┌─ Provided data

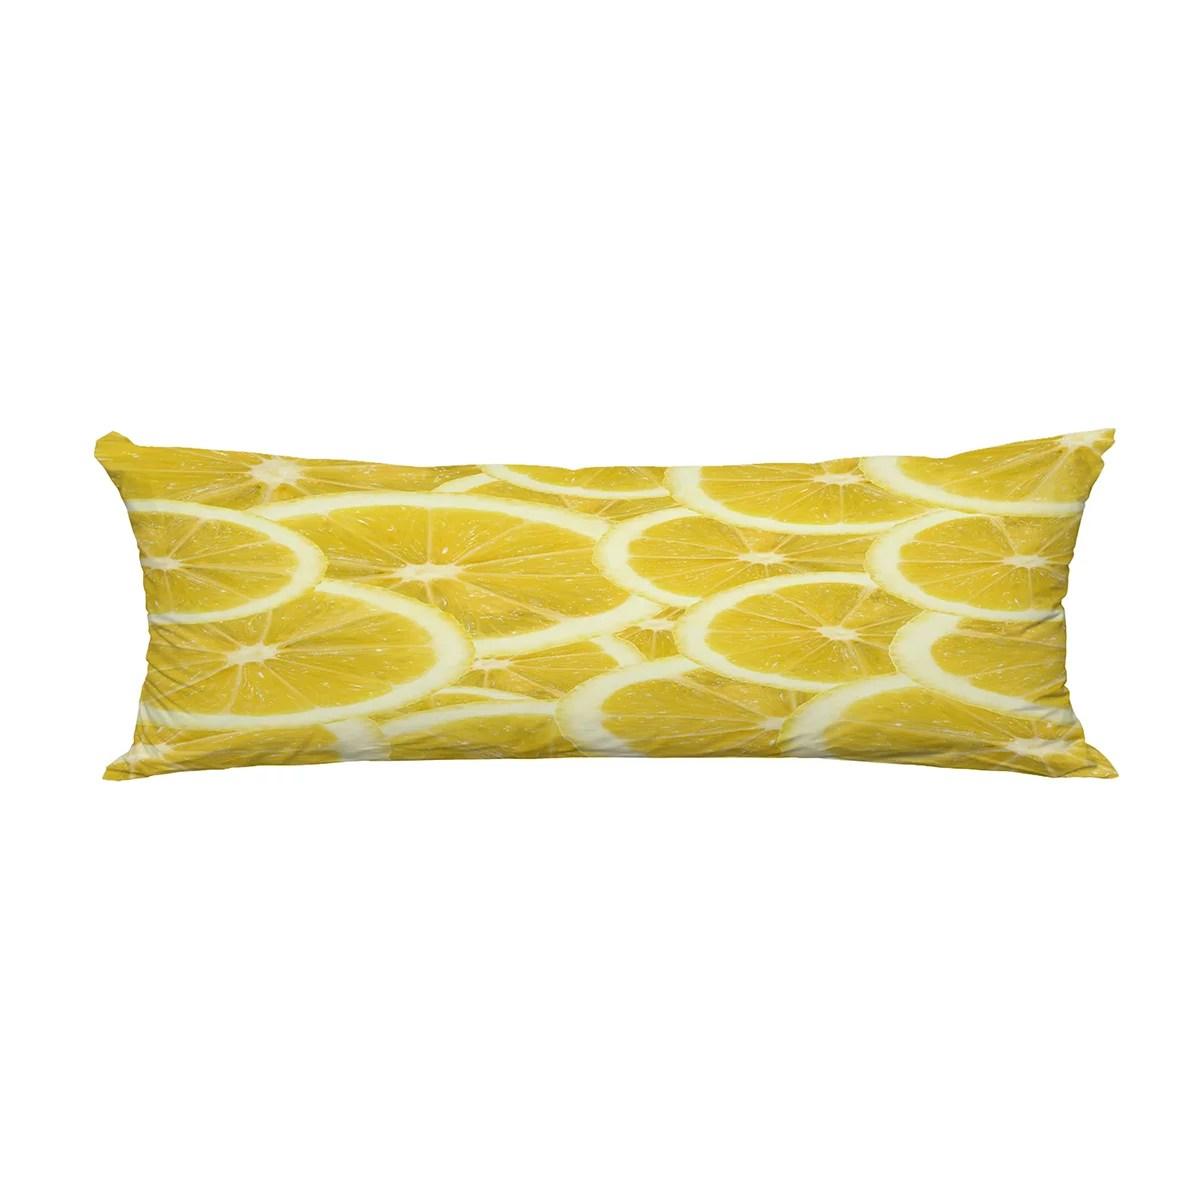 abphqto fresh yellow lemon body pillow covers pillow case protector pillowcase 20x60 inch
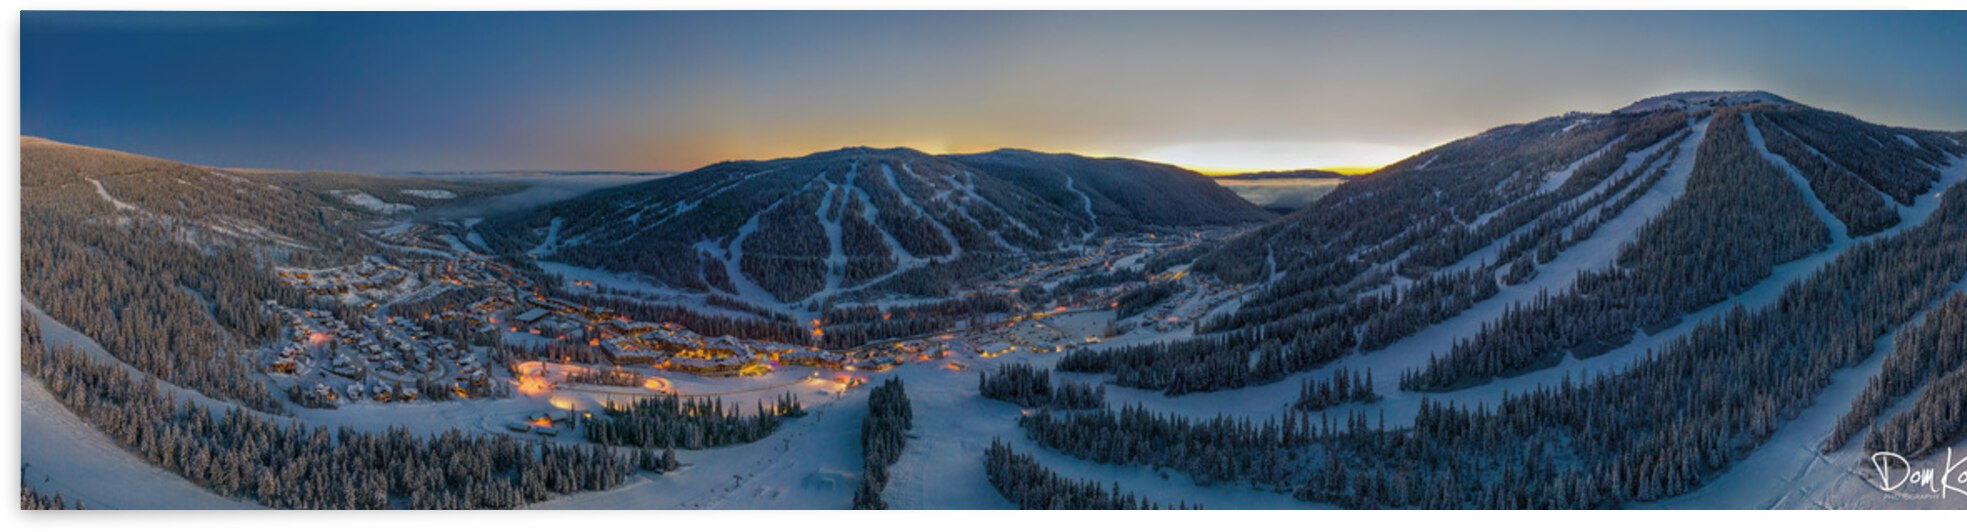 Valley Twilight  by KoricPhoto
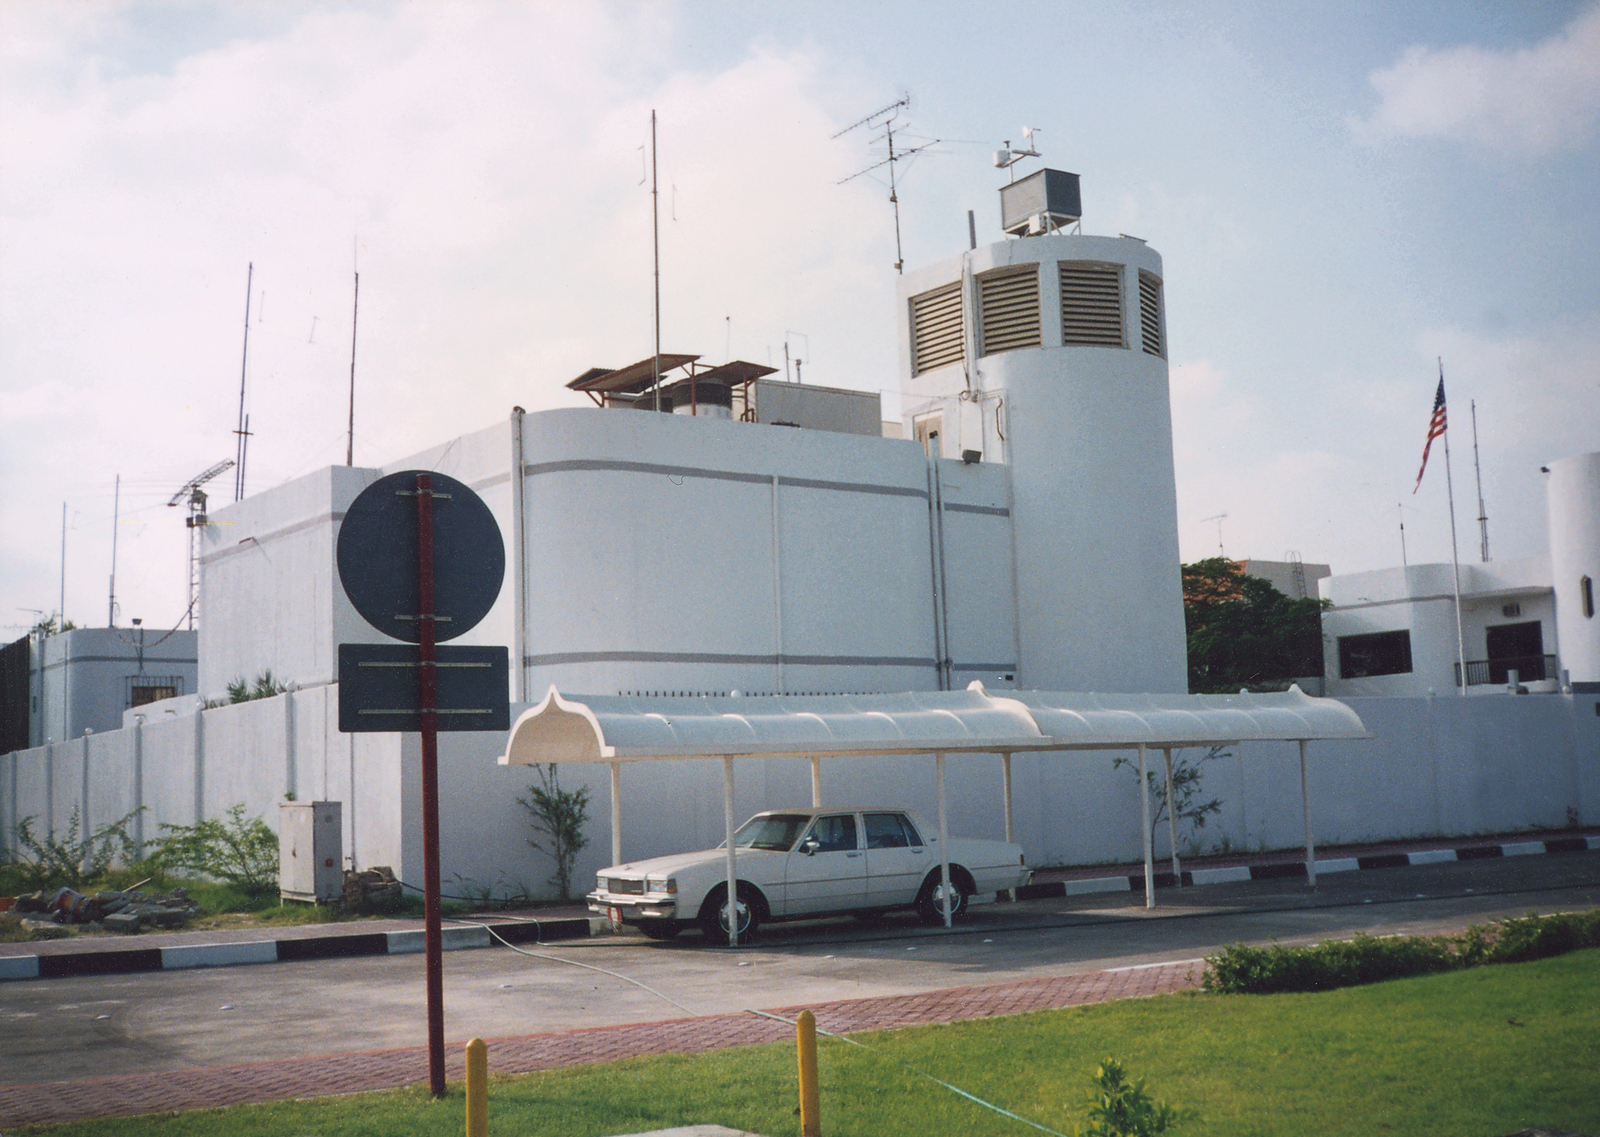 Abu Dhabi - Chancery Office Building - 1993
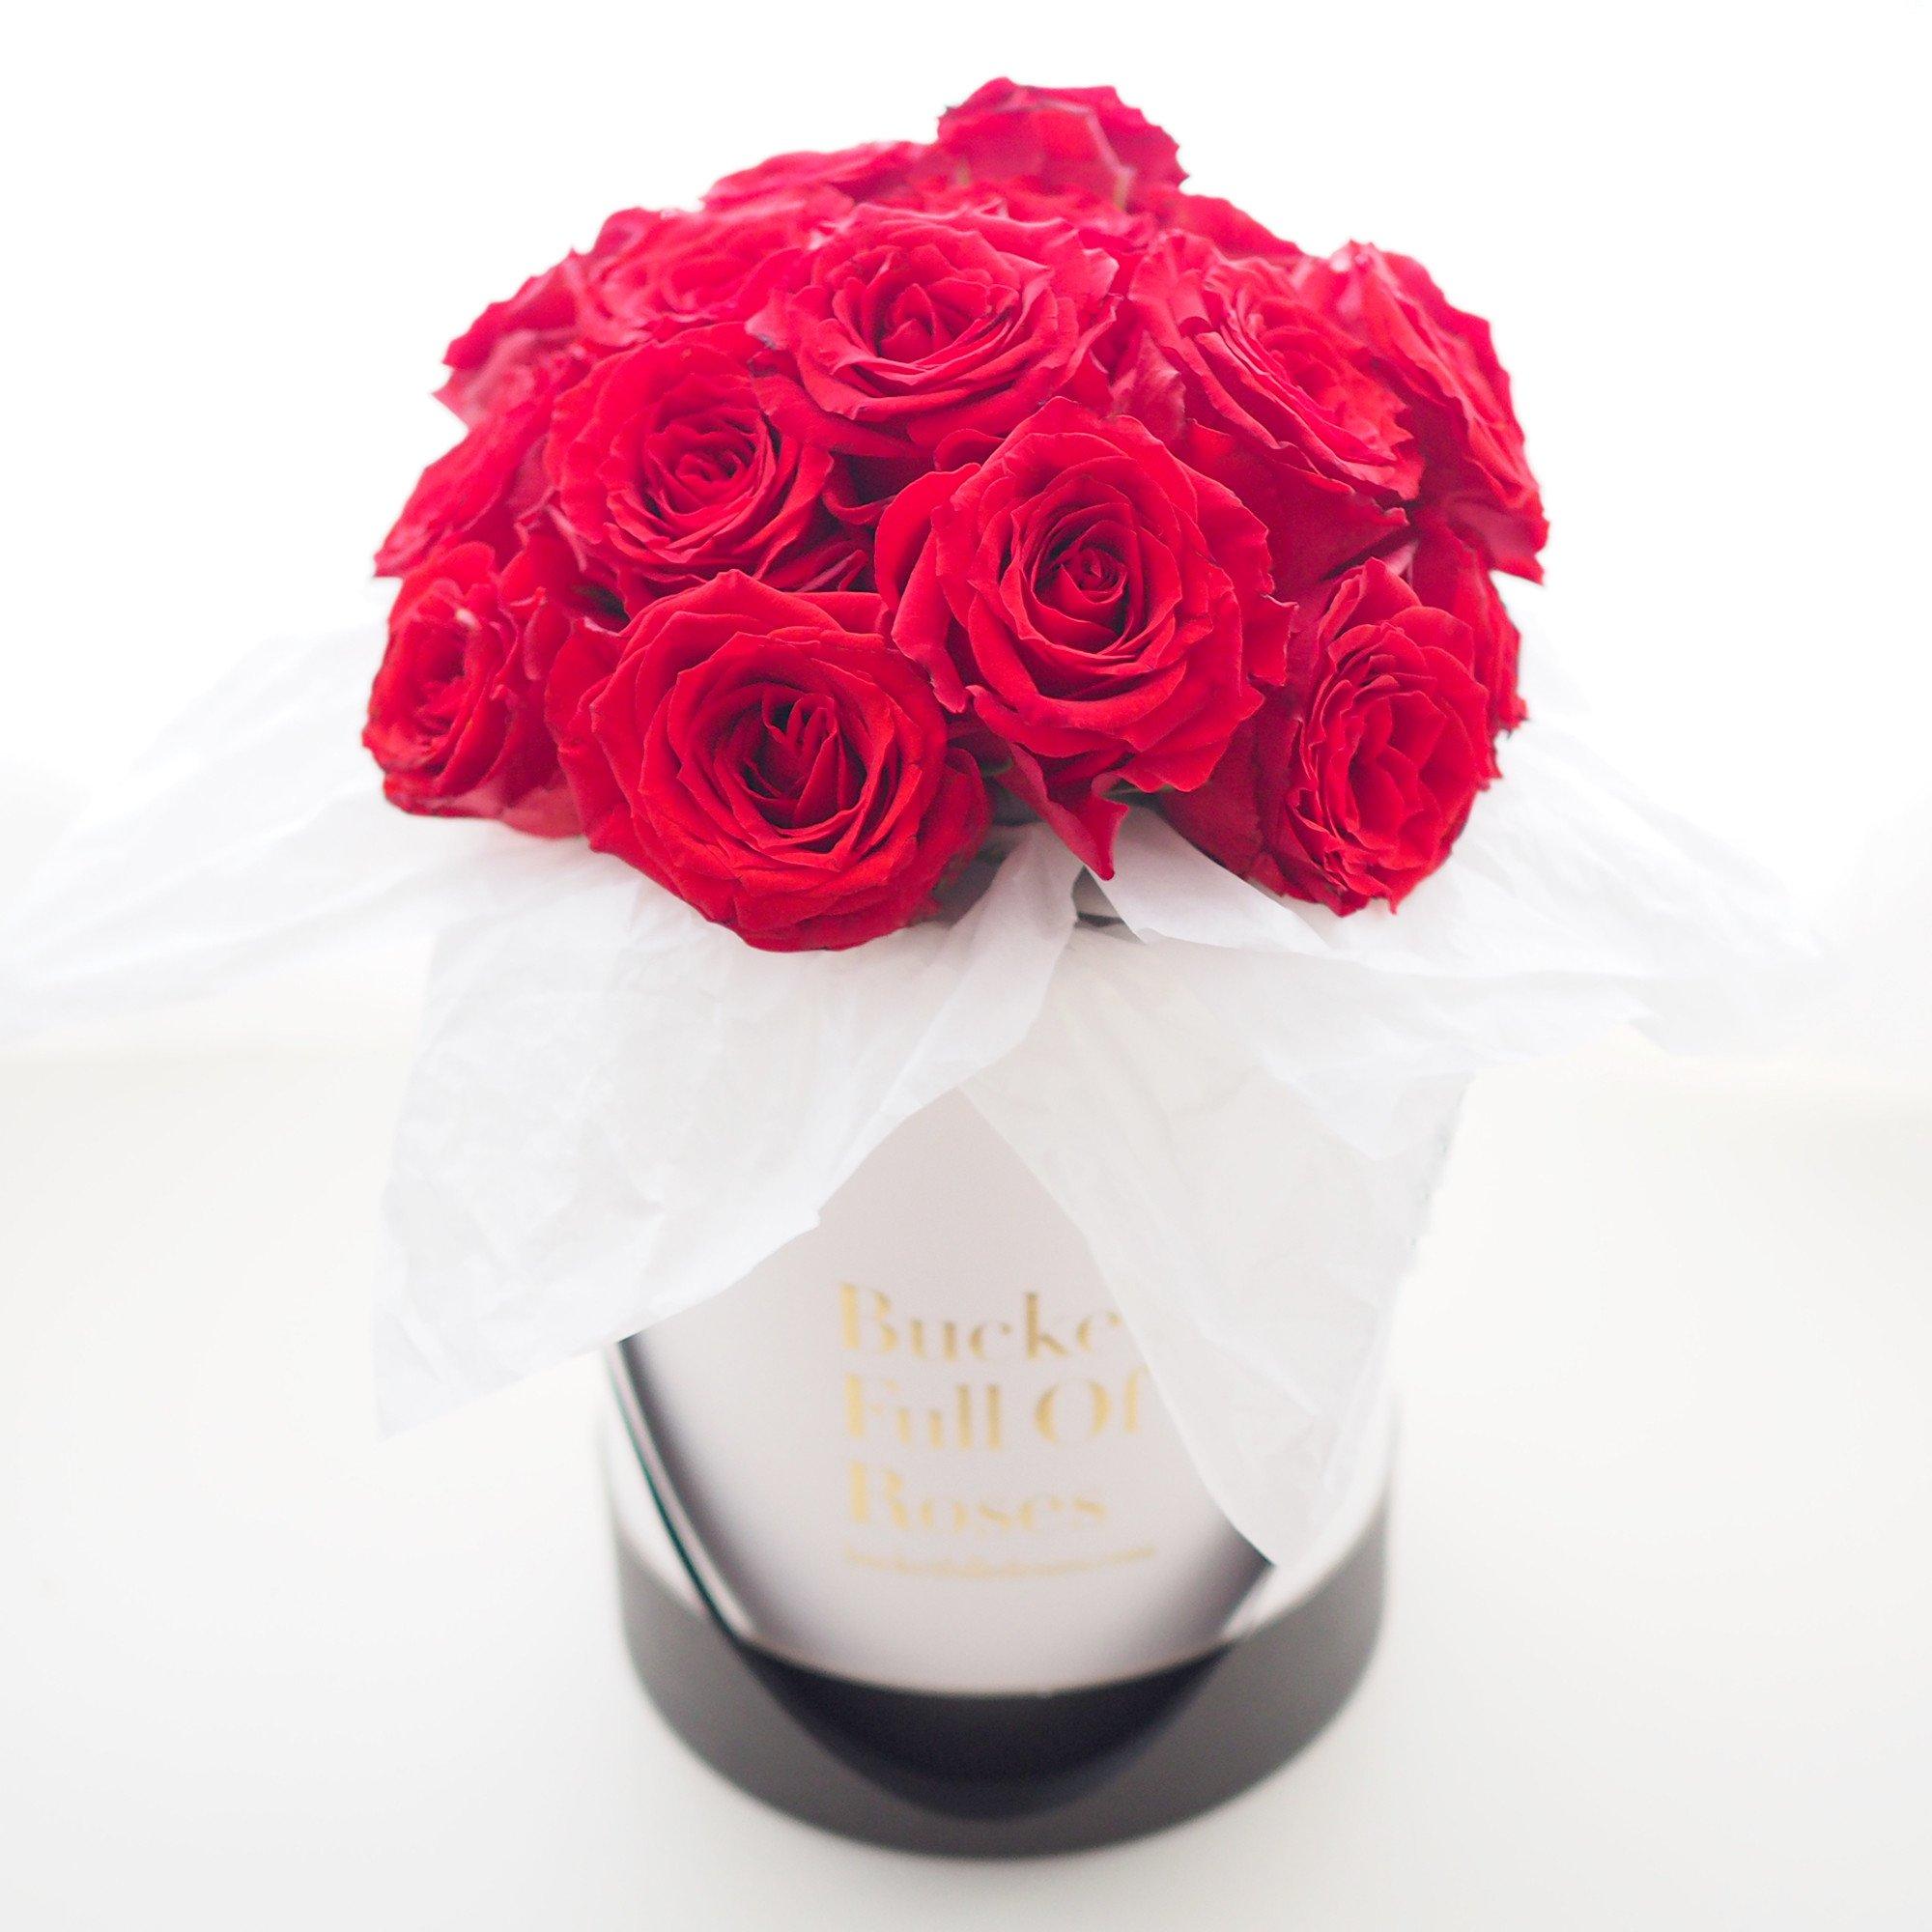 Rose bucket photo

└─

Work order: The lines from the one containing "Abu Dhabi - Chancery Office Building - 1993" to the end of the material must be output exactly, both ends included; no picture may appear.

Result of this exercise:
 Abu Dhabi - Chancery Office Building - 1993
 Rose bucket photo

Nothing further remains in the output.